Another major aspect of this, for me, is rethinking my relationship with my own body. Thinking about my body from the perspective of the grand lineage of nature makes me feel better about it, in some ways. My body isn’t some weak, defective, gross pile of meat that’s holding back my mind; my mind is a part of my body, and my body is regularly performing a wide range of natural wonders. There are entire ecosystems, filled with unique species of microorganisms, that only exist because of me and my specific body. There are so many things our bodies and minds are capable of that we simply don’t teach or study properly. Not everyone can or should train like a Shaolin monk or an Olympic gymnast, but they are a great example of the extremes of physical ability that we are capable of; that’s why it’s fun to watch videos of the slightly more relatable parkour enthusiasts. Our brains are capable of many feats we normally go to computers for, if we train ourselves to think in the right way. Most people are capable of so much more than we teach, and it seems a shame that even when we do teach people to prepare themselves to perform these physical marvels, it’s specifically in the context of earning fame and money through sports leagues and the like. It would be really nice if we encouraged everyone to make use of their bodies in some way as a part of their expression of identity and community. We don’t live to work, and our bodies don’t exist for specific, limited use.

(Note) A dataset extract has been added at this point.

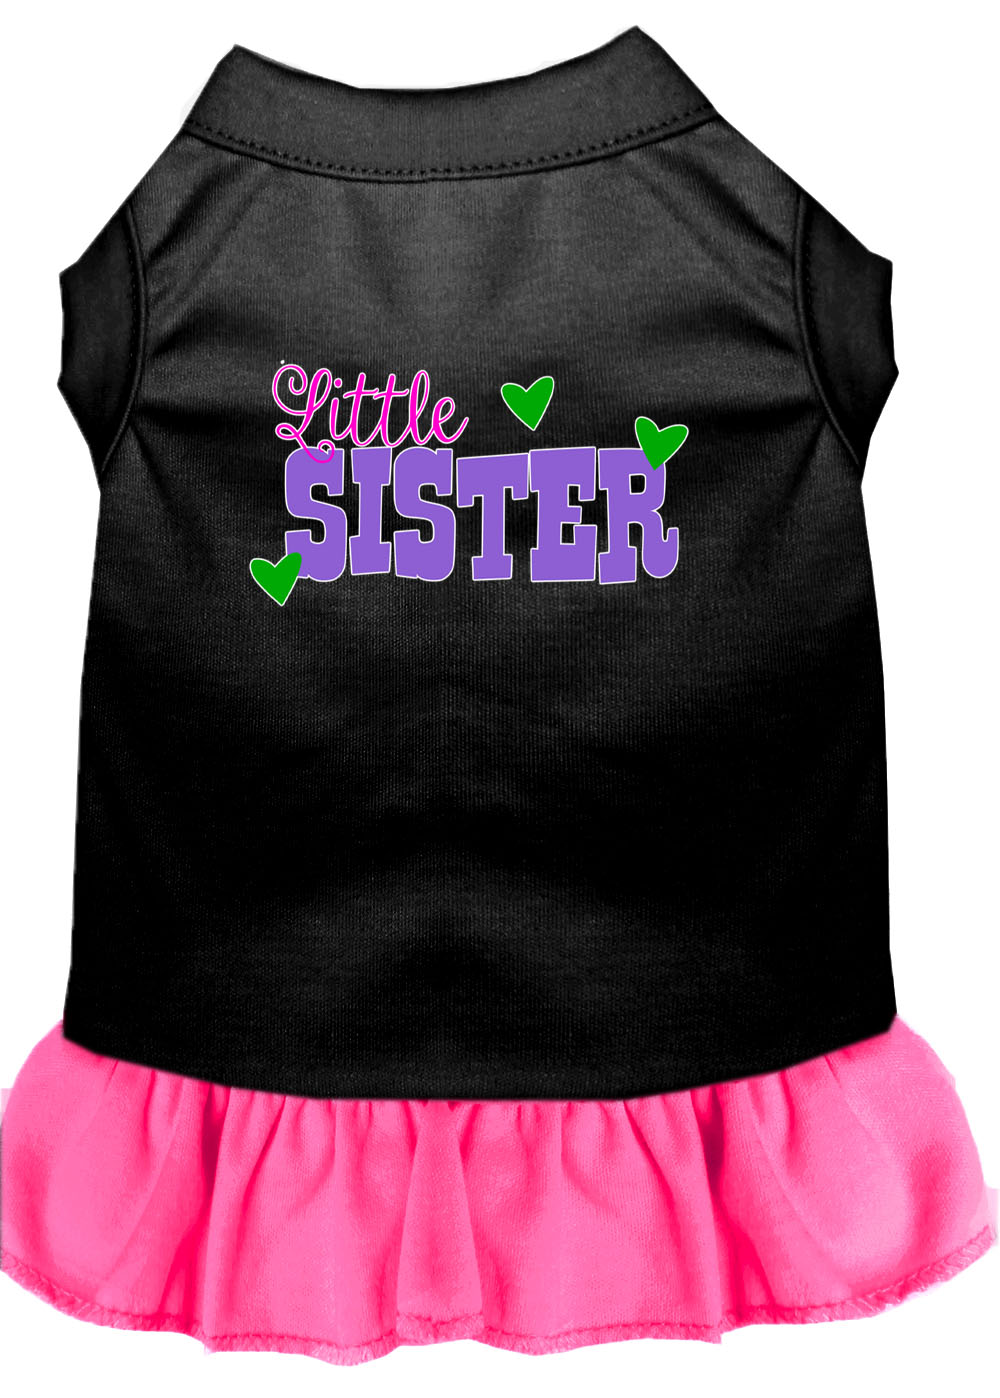 Little Sister Screen Print Dog Dress Black with Bright Pink Lg

More concretely in my own life, I’ve come to a couple conclusions with this thinking. I want to practice martial arts again, somehow. I could go over technique on my own, but I don’t have space for it, really; no rooms in my house are big enough, and even if I got over feeling silly doing it in my parking lot, that’s uneven asphalt. It would also be better to find other people to practice with, which could easily cost money I don’t have. So I’m still working that out. I also have been looking at my art over the years, and I have this magnetism to pen and ink work, both visually and in memory of the creation process. I don’t dislike the digital work I’ve done, but the physical pen lines and marker-produced blacks are incredible. What I really want for my workflow is to draw and ink the pages in black and white, using pen and markers, and then scan it in for colors and lettering. That’s what my body is good at, or at least what I like using my body for, so I want to focus on how I can best use my body that way.
So yeah, nature stuff! We really need more writers and philosophers in the scientific realm to communicate the ideas and information we have about nature in a way that relates to us as people in our lived experiences. Western science itself has a history of being exclusive and isolating from the rest of society, and has studied the world from the Western perspective of (usually white) human exceptionalism. It would be better for society, our communities, and our relationship with our bodies to have a livelier perspective on what science actually has to teach us.